Außereheliches Kind innerhalb der Ehe.....Frage, wer kennt sich aus?

    • (1) 19.11.12 - 21:33
      gerne so

      Hallo

      Mein Mann und ich sind seit Letztem Jahr Juni getrennt. Im Juli wurde ich vom Vater meiner jetzt 7,5 Monaten alten Tochter Schwanger....

      Wir haben heute das Ergebnis des Vaterschaftstests zurück bekommen, den mein Mann und meine Tochter gemacht haben. Vater des Kindes ist außer Landes (beruflich).

      Ich habe mich beim Jugendamt informiert und die sagten das ich mit dem test (Speicheltest wurde beim Arzt durchgeführt und weg geschickt) muss ich zum Amtsgericht mit nehmen um dort dann ein Formblatt auszufüllen um meinen noch Ehemann von der Geburtsurkunde streichen zu lassen. Das muss durch dieses Blatt entschieden werden per Gerichtsbeschluss.

      Weiß jemand wie lange das in der Regel dauert?

      Lg

      und #danke

      • Ein Vaterschaftstest wird nicht reichen ,um deinen Mann aus der Geburtsurkunde zu streichen.
        Solange du kein rechtskräftiges Scheidungsurteil vorlegen kannst,bleibt dein Mann in der Geburtsurkunde.
        Ich hab das 2007 gemacht.Beim Standesamt hat der Vater meiner Tochter die Vaterschaftsanerkennung unterschrieben.Mein damals Nochmann und ich haben dem schriftlich zugestimmt.
        Eine neue Geburtsurkunde mit dem richtigen Vater drin habe ich erst bekommen,nachdem ich mein rechtskräftiges Scheidungsurteil vorgelegt habe.

        • (3) 19.11.12 - 23:14

          Hallo

          Mein Mann und ich sind noch getrennt lebend, und wollen uns einer Eheberatung unterziehen.
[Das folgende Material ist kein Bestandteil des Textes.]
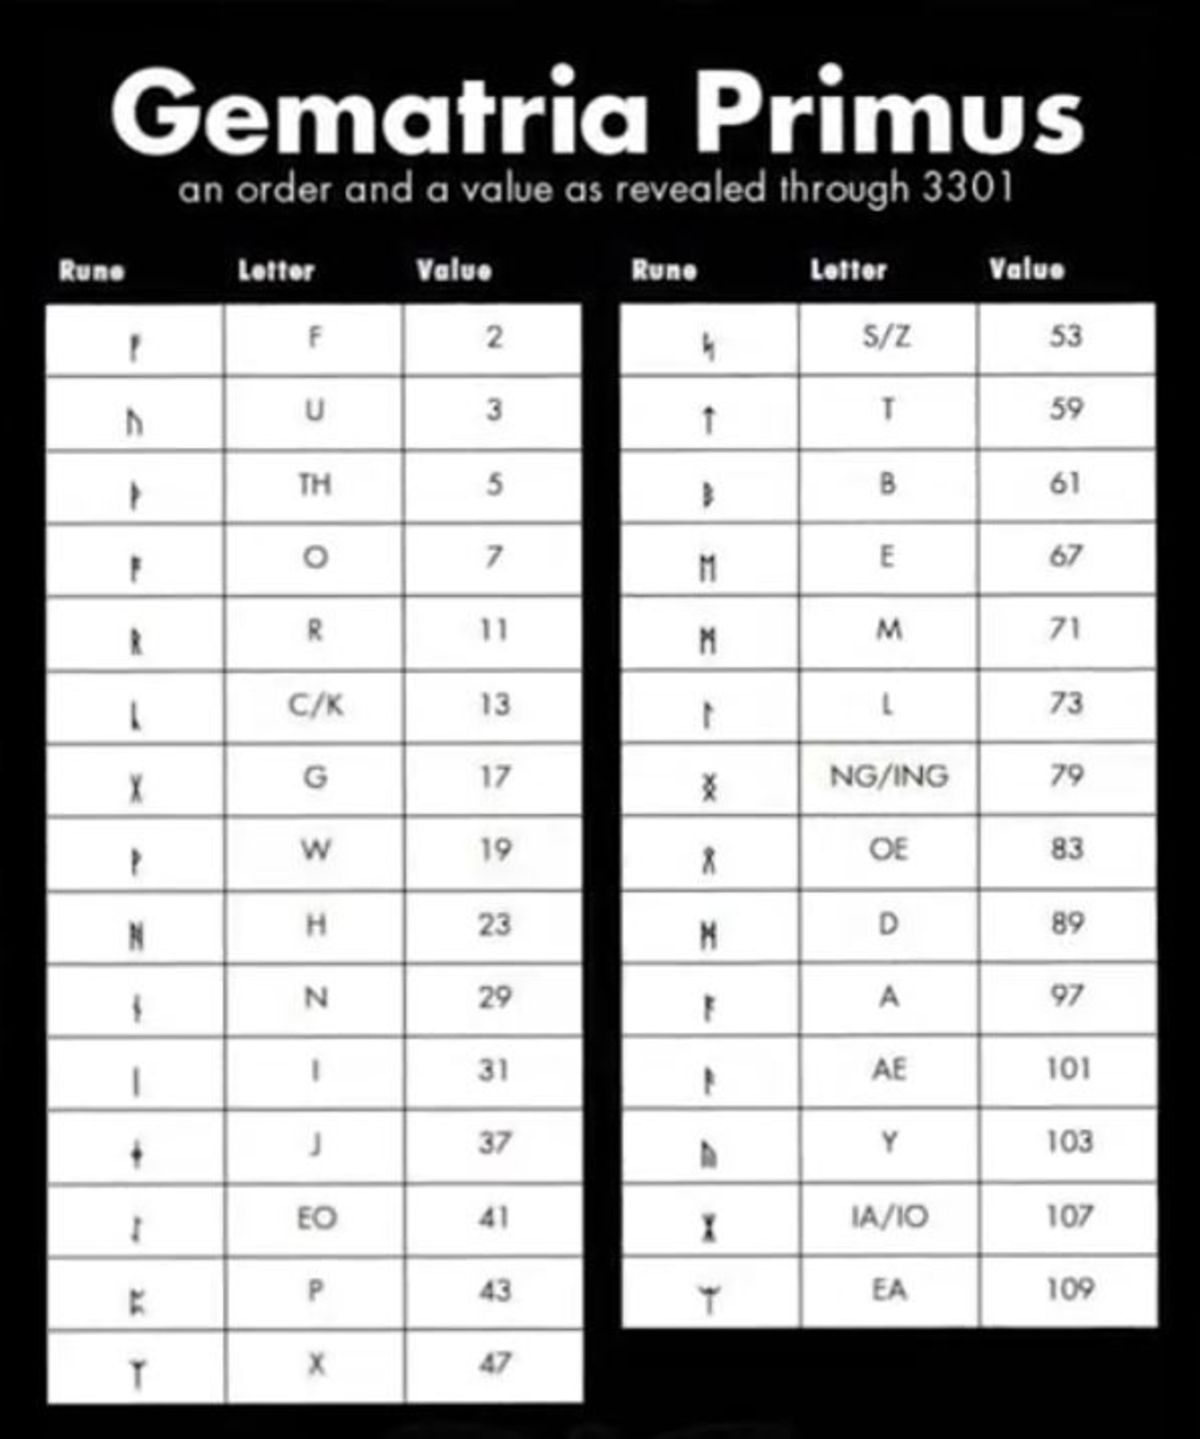 سیکادا ۳۳۰۱: جدول Gematria Primus

Ich beziehe momentan Hartz 4. Das Jugendamt teilte mir mit das ich morgen mit dem Vaterschaftstest zum Gericht gehen solle um einen Antrag zu stellen der Gerichtlich anerkennen soll das mein Mann nicht der Vater ist um dann wiederum Unterhalt vom eigentlichem Kindsvater anzufordern beim JA. Da die Tests gesetzlich jetzt mit Unterschrift, Fingerabdrücken aller beteiligten und einem Offiziellem Bürgen wie z.B. Arzt, Hebamme, Rechtsanwalt etc. durchzuführen und zu versenden ist bietet dieser eine Rechtliche Basis um den eigentlichen Stein ins rollen zu bringen... Denke wenn es die Möglichkeit nicht gäbe würde das JA mich nicht zum Gericht schicken....Nehme ich jetzt mal an.

          lg

          • Grundsätzlich würde ich silbermond zustimmen, weil ich es genauso durch habe.

            Aber, wenn ihr es nochmal mit der Ehe versuchen möchtet und genau wisst, dass er nicht der Vater ist, dann wird es mit Sicherheit auch diese Möglichkeit geben. Macht es einfach und ihr werdet sehen. Wie lange es dauert, keine Ahnung, aber denke mal, da ja keine Dringlichkeit vorliegt, eine Weile. Nur blöd für den Kindsvater, wenn er nicht schon freiwillig zahlt, denn zahlen muss er ja. Oder ihr macht mit ihm jetzt schon was schriftliches aus, wo er eben schon zahlt.

            Viel Glück.

            LG

          • Moment mal. In deinem Ausgangsthread geht es dir darum,deinen Mann aus der Geburtsurkunde zu bekommen.Und DAS geht eben nur nach Scheidung.
            Darauf bin ich eingegangen.
            Jetzt geht es dir nur darum ,vom richtigen Vater Unterhalt zu bekommen,weil du mit deinem Mann zusammen bleiben willst.Hättest du dann auch so schreiben sollen.
            Dein Kind bleibt trotzdem ehelich.

      Dein Mann muss die Vaterschaft anfechten, die beträgt zwei Jahre nach Kenntnisnahme, dass er nicht der Vater ist.
      Selbst wenn der Erzeuger die Vaterschaft anerkennt, muss dein Mann sie anfechten, denn für den Fall, dass der Erzeuger sie irgendwann zurück zieht, ist dein Mann offiziell der Vater, weil das Kind während der Ehe gezeugt wurde.

      Es reicht nicht, dass du zum Gericht gehst ect.